La location a été consentie pour une période de trois mois avec une reconduction tacite.
Le contrat de bail prévoit une clause résolutoire de plein droit du contrat pour défaut de paiement des sommes dues au bailleur.
Le 6 mai 2024, à la suite de loyers et charges impayés, la bailleresse a saisi la CAF de [Localité 4].
Le 14 mai 2024, elle a fait délivrer à Mme [P] [B] un commandement de payer rappelant la clause résolutoire insérée au bail afin que soit payée, dans un délai de six semaines, la somme de 2.298,36 euros en principal arrêtée au 30 avril 2024.
Par acte de commissaire de justice en date du 1er août 2024, la société IMMOBILIERE 3F a assigné Mme [P] [B] devant le juge des contentieux de la protection siégeant au tribunal judiciaire de Paris statuant au fond pour obtenir :
— La constatation de la résiliation du bail par acquisition de la clause résolutoire,
Subsidiairement, la résiliation judiciaire du bail aux torts de Mme [P] [B],
— L’expulsion de Mme [P] [B] et de tous occupants de son chef, en la forme ordinaire et accoutumée et même avec l’assistance du commissaire de police et de la force publique, si besoin est, dans les deux mois suivant le commandement d’avoir à libérer les lieux,
— La séquestration des biens et objets mobiliers se trouvant éventuellement dans les lieux lors de l’expulsion dans tel garde meubles ou local de son choix, aux frais, risques et périls de Mme [P] [B]

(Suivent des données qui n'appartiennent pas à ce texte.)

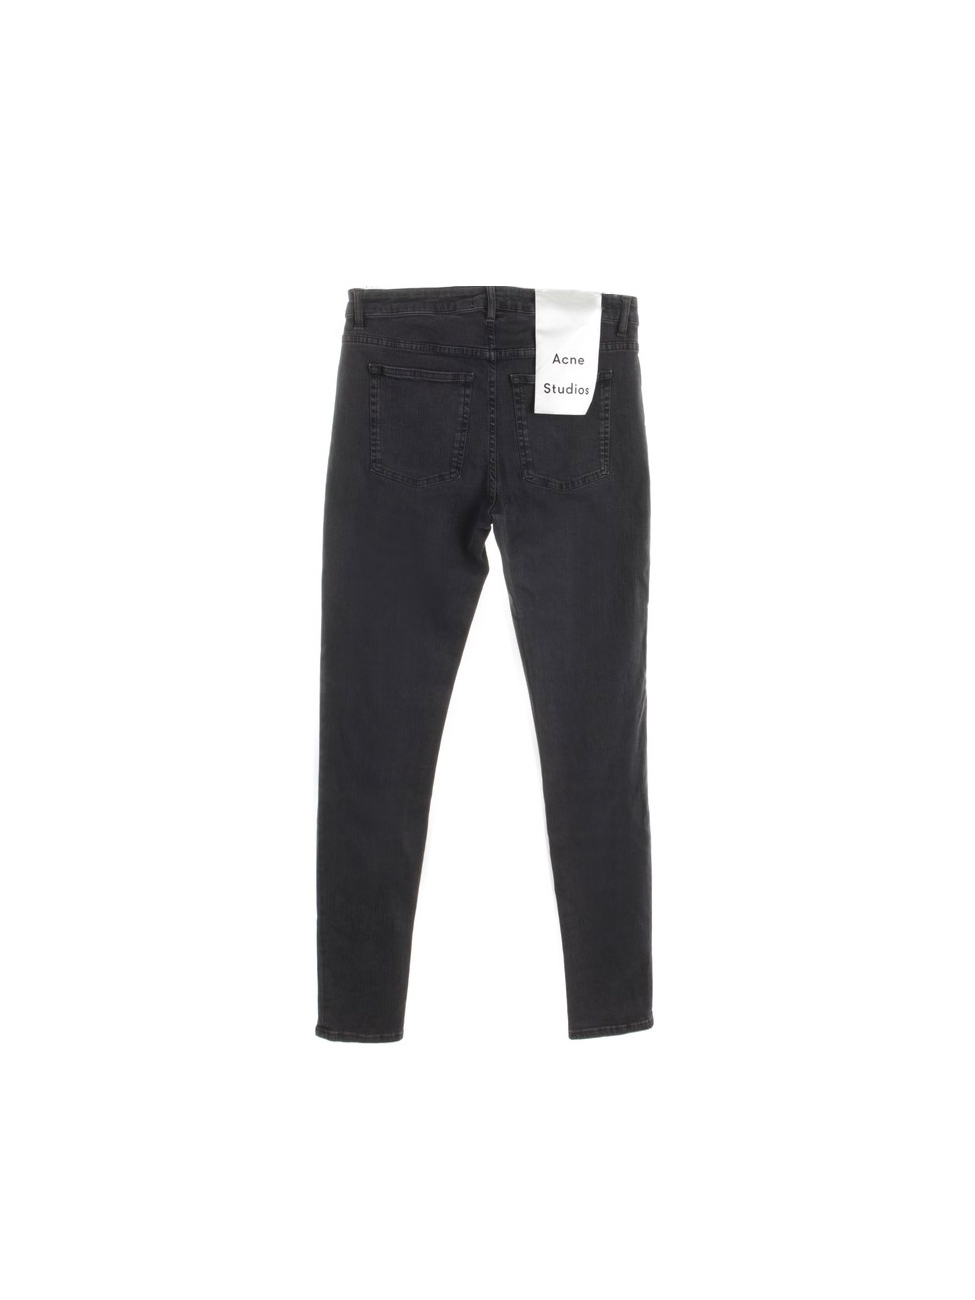 Boutique ACNE STUDIOS " Skin 5 Pocket Used Black " mid-rise skinny dark grey jeans Retail price $220 30/34

— La condamnation de Mme [P] [B] à lui payer:
• la somme de 2.368,31 euros au titre des loyers et charges impayés au 30 juin 2024, avec le mois de juin 2024 inclus ;
• une indemnité d’occupation mensuelle égale au montant du loyer du logement litigieux majoré de 50% sans préjudice des charges jusqu’à la complète reprise des lieux ;
• Subsidiairement, une indemnité d’occupation mensuelle non inférieure au montant du loyer majoré des charges du logement litigieux,
∙ La condamnation de Mme [P] [B] aux dépens, y compris le coût du commandement, de l’assignation et, plus généralement, de tous actes rendus nécessaires à l’occasion de la présente procédure,
∙ La condamnation de Mme [P] [B] à lui verser la somme de 350 euros au titre de l’article 700 du code de procédure civile.

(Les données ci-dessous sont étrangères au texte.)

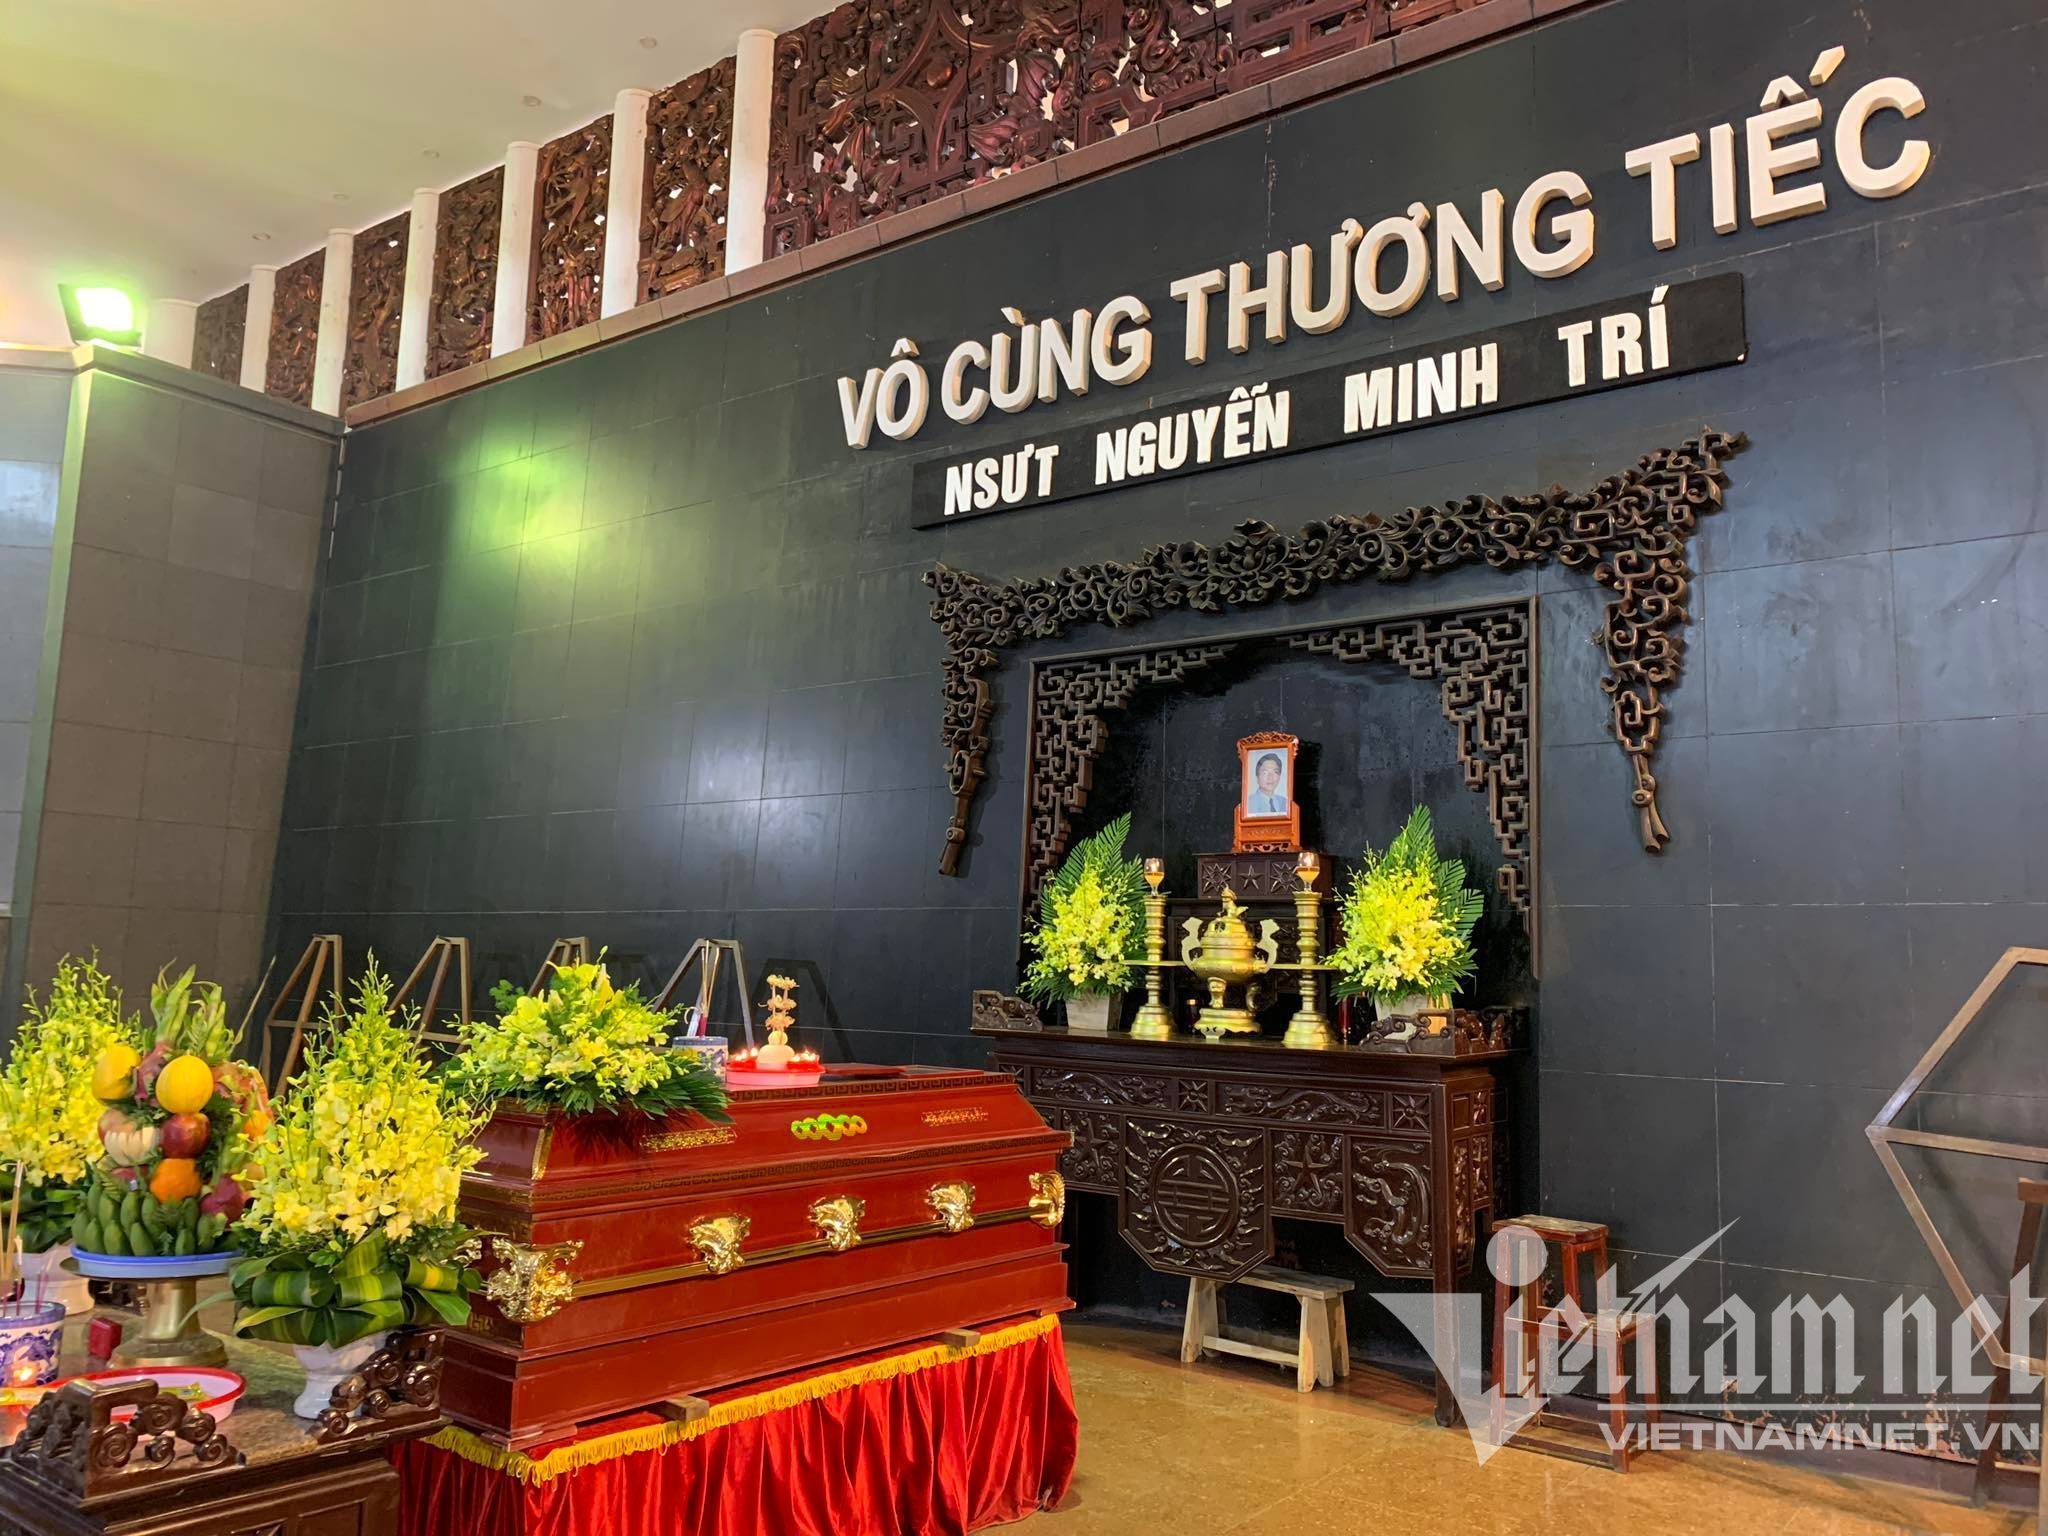 Funeral of 'legendary reading voice' VTV - Meritorious Artist Minh Tri

Le 2 août 2024, l’assignation a été notifiée au préfet de [Localité 4].
L’affaire a été appelée et retenue à l’audience du 21 janvier 2025.
A l’audience, la bailleresse, représentée par son conseil, a renvoyé aux termes de son assignation soutenue oralement. Elle fait valoir, sur le fondement des articles 7 de la loi du 6 juillet 1989 et 1728 du code civil, que la preneuse est tenue de respecter ses obligations de paiement des loyers et des charges. Elle soutient que ces obligations ne sont pas respectées et qu’ainsi la clause résolutoire insérée au bail est acquise, conformément aux articles 24 de la loi du 6 juillet 1989 et 1224 du code civil. A titre subsidiaire, elle se prévaut des articles 1729 et 1741 du code civil pour solliciter la résiliation judiciaire du bail.
Bien que régulièrement assignée à étude, Mme [P] [B] n’a pas comparu ni été représentée. En application de l’article 473 du code de procédure civile, la décision sera réputée contradictoire.
A l’audience, la société IMMOBILIERE 3F a souhaité préciser que sa créance est en augmentation et que le paiement des loyers a repris partiellement.
Un diagnostic social et financier a été reçu au greffe, dont les termes ont été portés à la connaissance du bailleur.
La décision a été mise en délibéré par mise à disposition au greffe au 11 mars 2025.
MOTIFS DE LA DECISION
Aux termes de l’article 472 du code de procédure civile, si le défendeur ne comparaît pas, il est néanmoins statué sur le fond. Le juge ne fait droit à la demande que dans la mesure où il l’estime régulière, recevable et bien fondée.
Sur l’assignation
Mme [P] [B] a été régulièrement assignée.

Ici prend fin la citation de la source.